Leif seguía negando con la cabeza y Assur se sorprendió agradablemente al descubrir que el falso resentimiento de las palabras del patrón bastaba para marcarle una cínica sonrisa que le iluminaba el rostro.

—Cuando éramos pequeños, mis hermanos y yo, quiero decir, siempre se le ocurría el modo de exigirnos más y más —dijo Leif con aire nostálgico—. Hiciéramos lo que hiciéramos, nunca era suficiente. Siempre había un modo mejor de hacerlo, siempre. Y cuando lo conseguíamos, buscaba la manera de liarlo todo de nuevo, reclamando cada vez algo más. —Assur entendió a qué se refería el patrón; él mismo había sufrido las recias demandas de Gutier a lo largo de su educación en Sarracín—. Y ahora… Ahora parece haberlo planeado todo para dejarme una última y complicada obligación a la que hacer frente.

El hispano seguía callado, sin entender adónde quería llegar Leif con su discurso, pero comprendió que su amigo necesitaba desahogarse y sintió el compromiso de escucharlo tanto como fuera menester. Poco después el patrón del Gnod siguió hablando.

—Aquí son algo más grandes, y tienen el plumaje más oscuro, pero en Iceland eran más rápidos… Unos animales excepcionales —aclaró Leif sin que Assur comprendiese—. En una ocasión conseguimos un polluelo, un polluelo fuerte como para poder sobrevivir a la crianza, pero aún joven, listo para adiestrarlo y enseñarle a cazar. Apuntaba maneras, era un halcón único, incomparable. —Assur echó el torso hacia atrás, comprendiendo—. Sin embargo, aunque ahora sé que el brillo en sus ojos era el de un padre orgulloso, él solo supo sugerirnos que era una pena que no fuese un águila de cola blanca…

Leif negó una vez más con la cabeza, ensanchando su sonrisa, y el hispano entendió que por la mente del patrón surcaban de nuevo añejos recuerdos que eran bienvenidos a puerto.

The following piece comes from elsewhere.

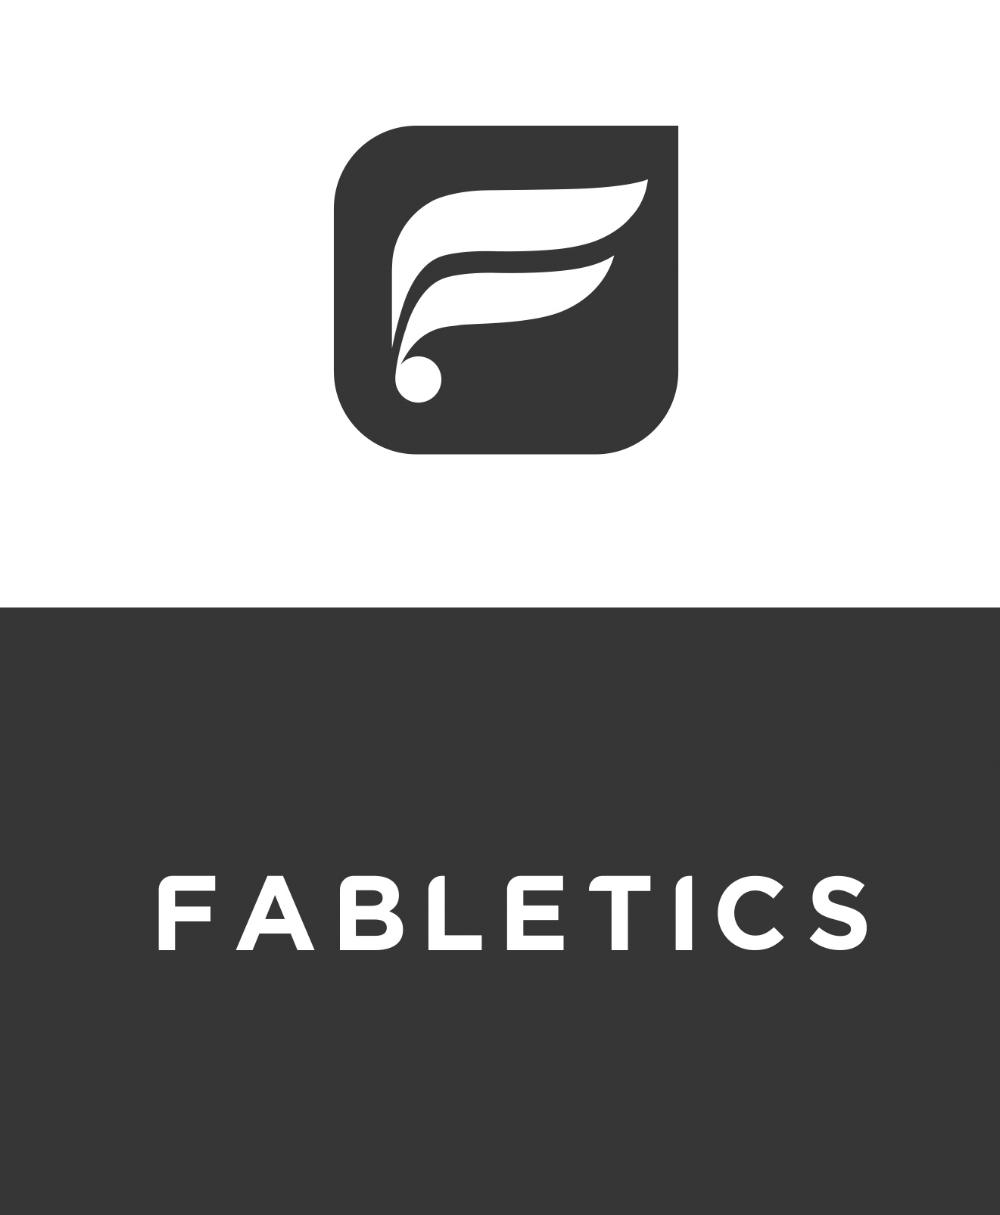 fabletics_logo_mock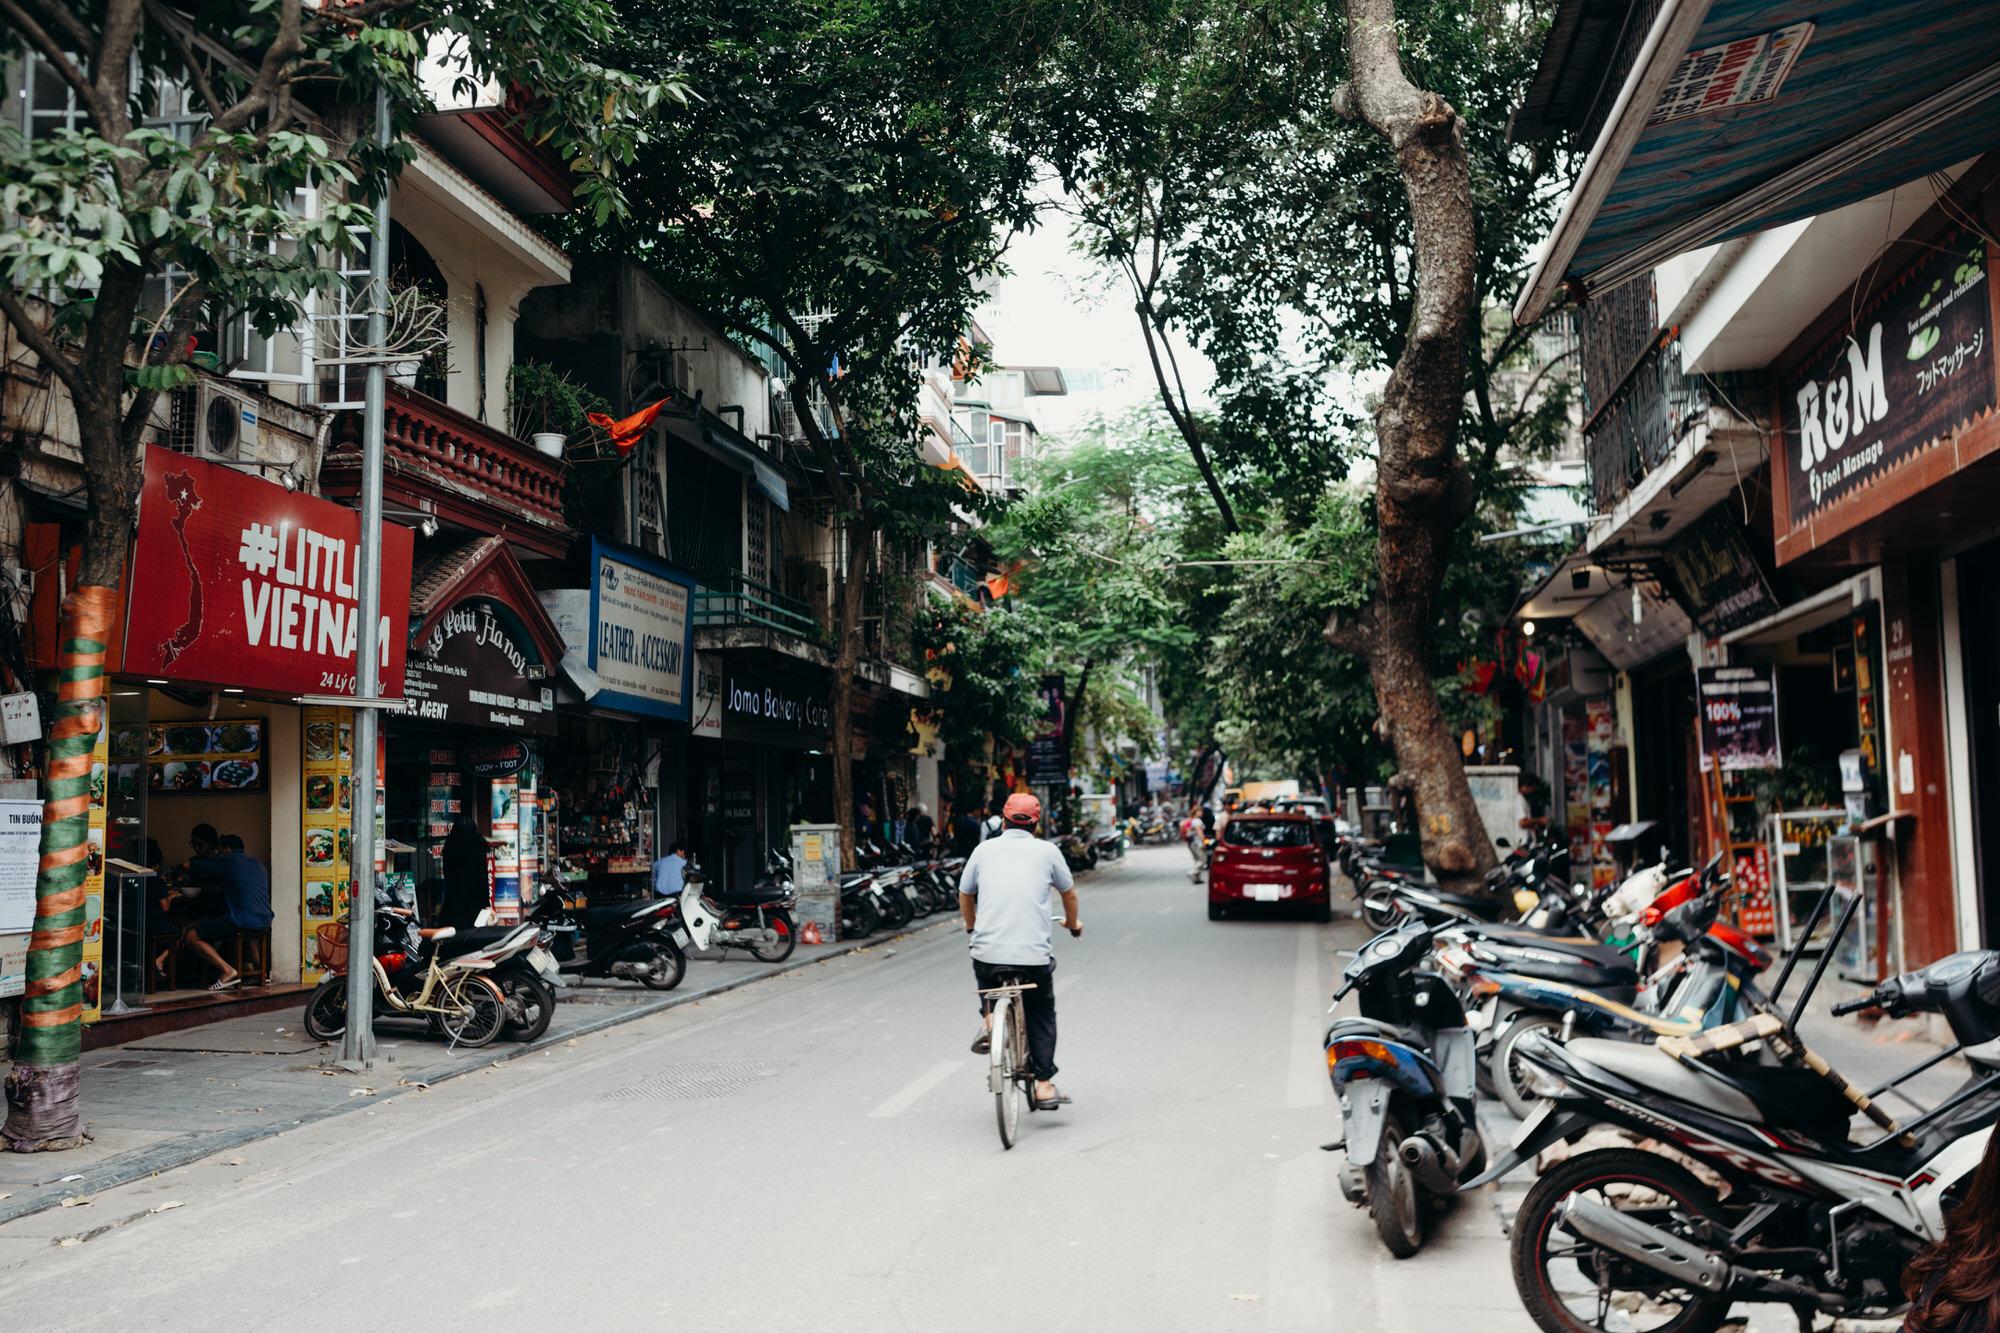 hanoivietnamcitytravelblog-9752-1.jpg

—¡Un águila de cola blanca! ¡Son enormes! Con garras capaces de destripar a un ternero. Son aves prodigiosas. Y solo crían en los cerrados fiordos del oeste de la
isla del hielo
, en nidos colgados de paredes de roca donde solo ellas se sienten a gusto. Pero yo quería ganarme su aprobación, yo quería que se sintiera orgulloso de mí, ¿entiendes? —preguntó girándose hacia Assur.

El ballenero asintió volviendo a recordar las severas prácticas de esgrima y arco con Gutier y Weland.

—Así que yo terminé colgado en uno de aquellos acantilados batidos por el viento, solo la fortuna del mismísimo Baldr me salvó de romperme la crisma. Rachas enloquecidas me zarandeaban de un lado a otro, mi cuerda chirriaba rozándose con las piedras del borde, acabé mareado como una cabra y batuqueado como el cántaro de una coja… Pero lo conseguí, conseguí un precioso polluelo chillón todavía con el primer plumón… Además de una aparatosa colección de cardenales y cortes en todos los rincones imaginables… Pero lo conseguí…

Un gavión pasó volando a ras de las olas y Leif soltó dos carcajadas traídas por los recuerdos.